2021 Regulatory Update – August

U.S. Topline Regulatory Issues

Food Labeling Modernization Act Introduced in Congress

The Food Labeling Modernization Act was introduced to both Houses of Congress on August 3. The 35-page legislation co-sponsored by Representative Frank Pallone (D-N.J.) and Senator Richard Blumenthal (D-Conn.) proposes additional information and updates to food labels. While existing food labels provide nutrition and ingredient information for consumers to make informed food choices, the legislation claims that today’s food labeling standards do not provide adequate information for consumers to make healthy lifestyle decisions. FLMA’s largest initiative calls upon the FDA to establish a standard front-of package labeling system for all FDA-regulated food products. Similar systems are in use in various countries throughout the world and have been credited with prompting the food industry to decrease levels of sugar, sodium and saturated fat in foods.
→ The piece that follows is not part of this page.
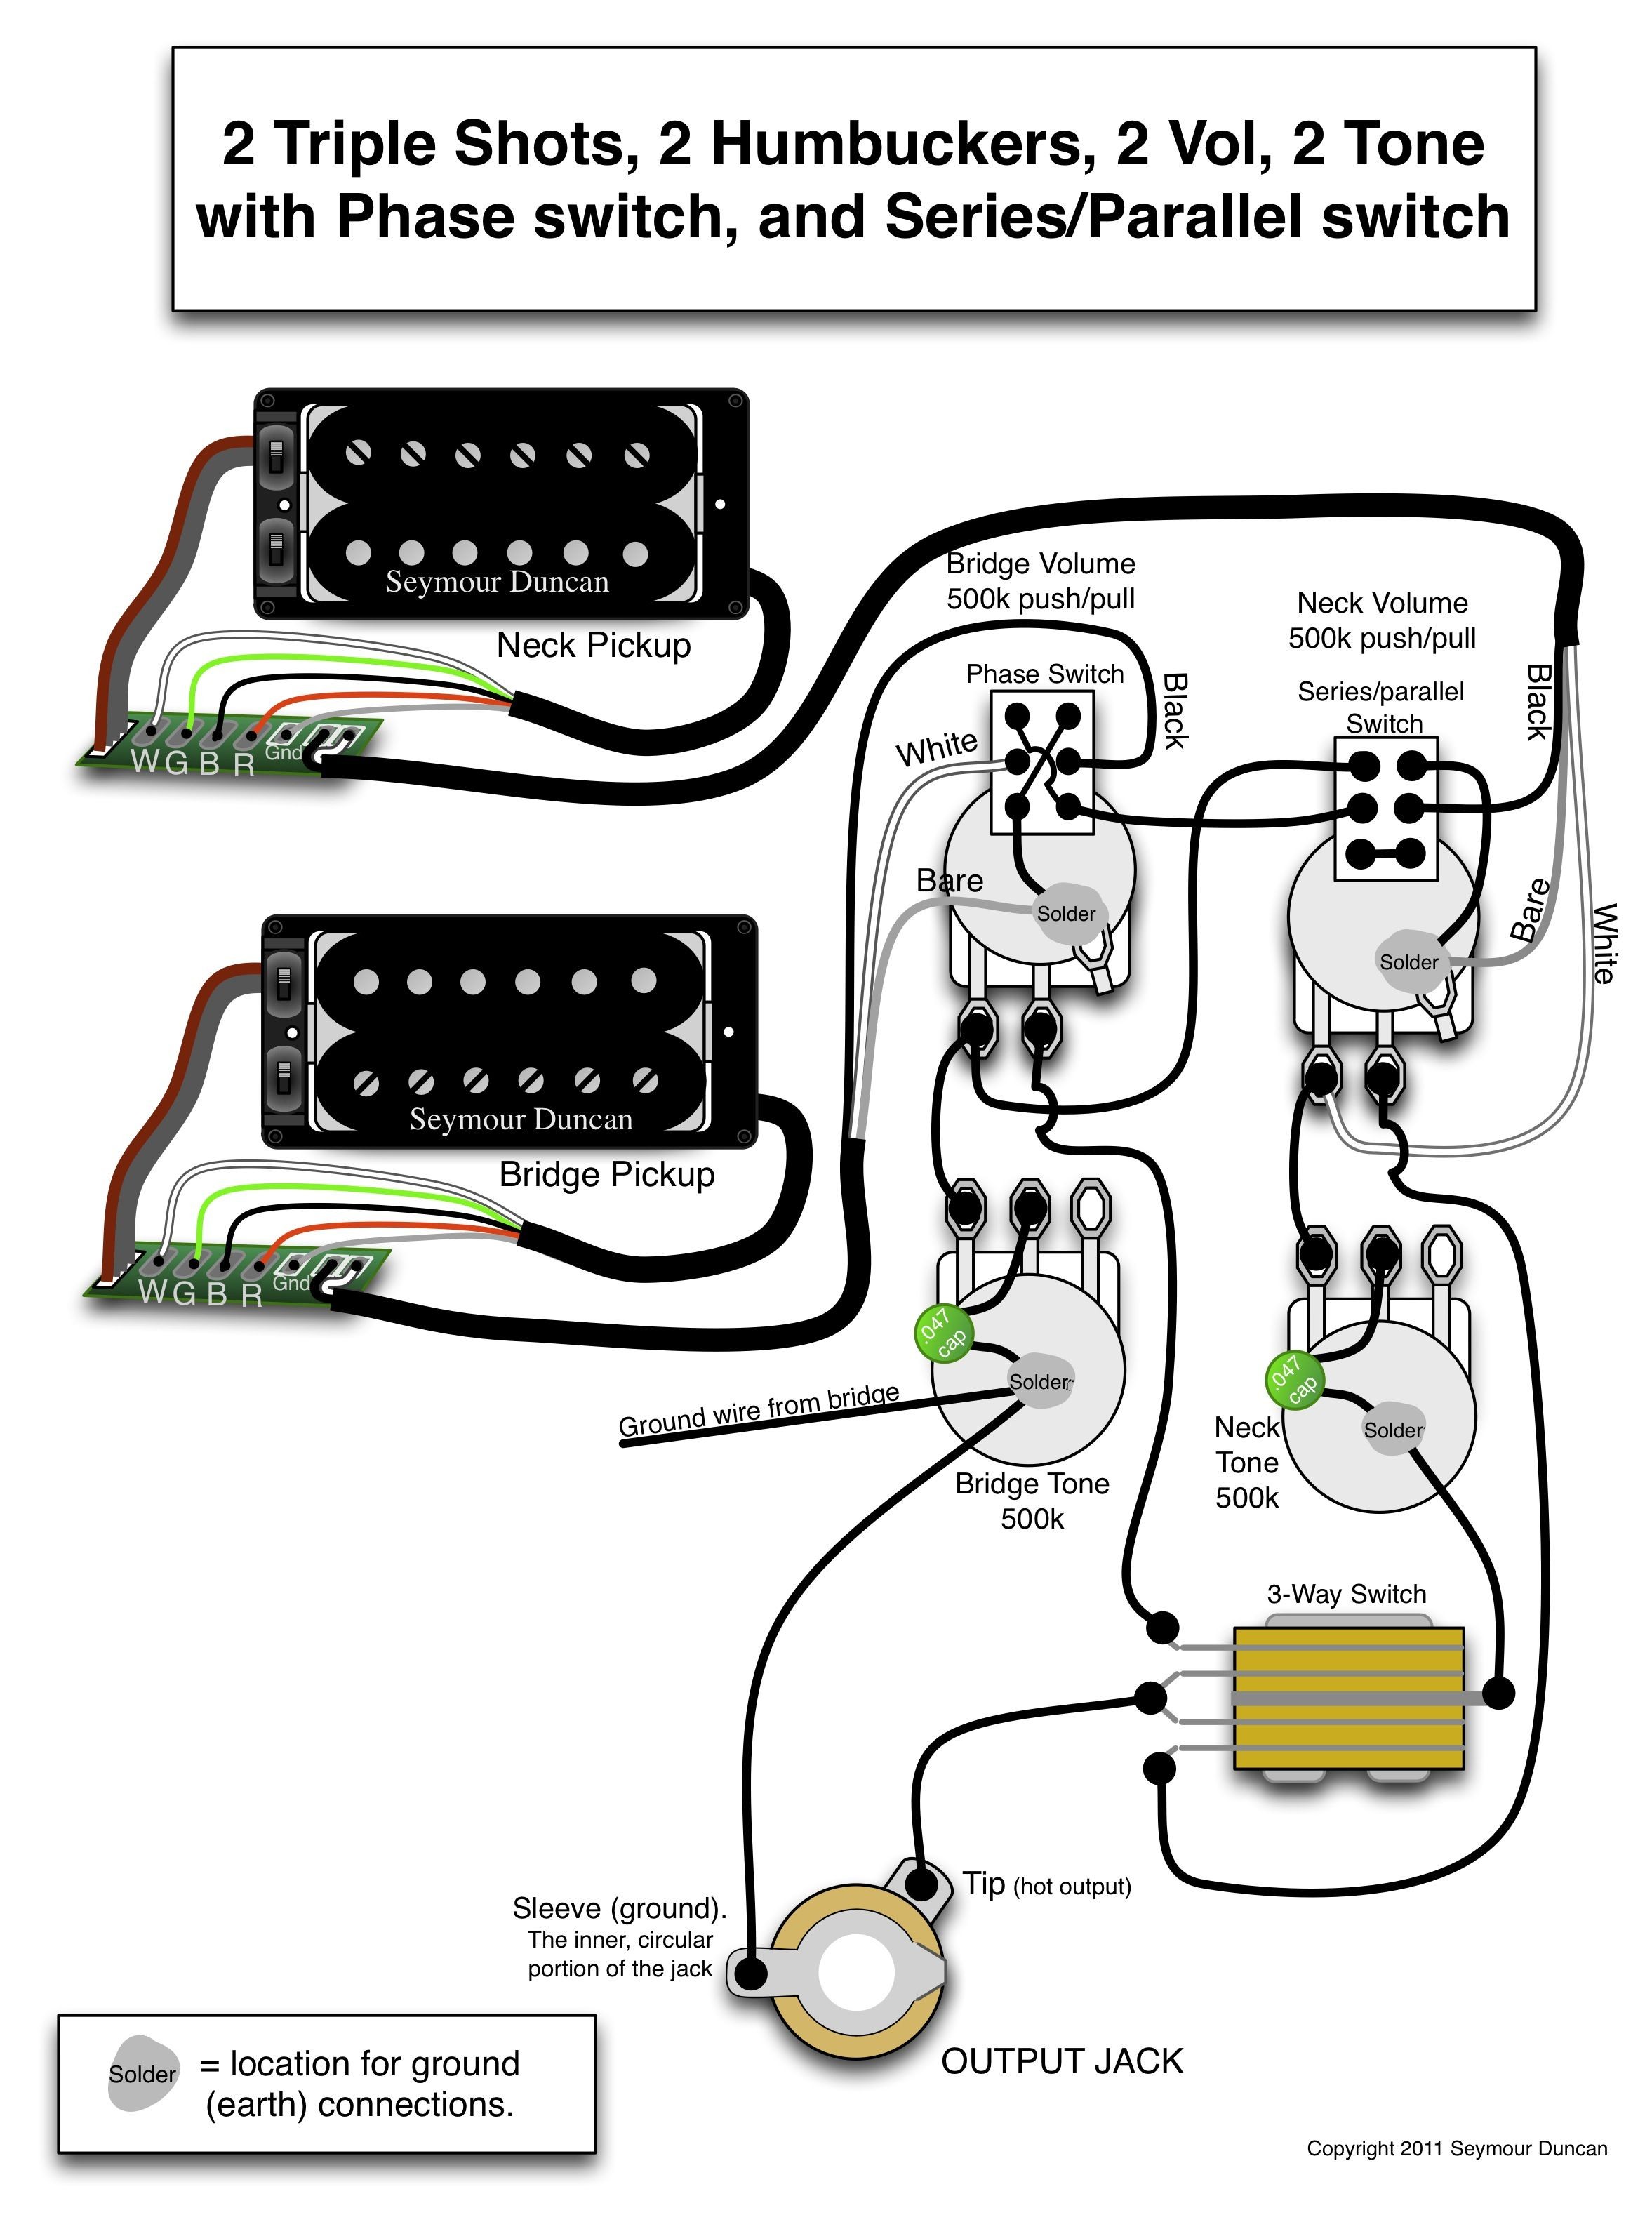 Wiring Diagram for 2 humbuckers 2 tone 2 volume 3 way switch i e traditional LP set up find more at wiring di…

Although FLMA was first introduced in 2018, the shift towards online grocery shopping during the COVID-19 pandemic has increased the need for nutrition information requirements to be available at the online point of sale. The current version of the FLMA requires nutrition information including Nutrition Facts, ingredients and allergen information to be displayed for online grocery items. The updated version of the FLMA also encourages the use of substitutions for overconsumed nutrients, such as sodium. By amending the “standards of identity,” which currently require minimum levels of salt in some food products, to allow for the use of salt substitutes, this change could lead to lower rates of heart disease, hypertension and high blood pressure.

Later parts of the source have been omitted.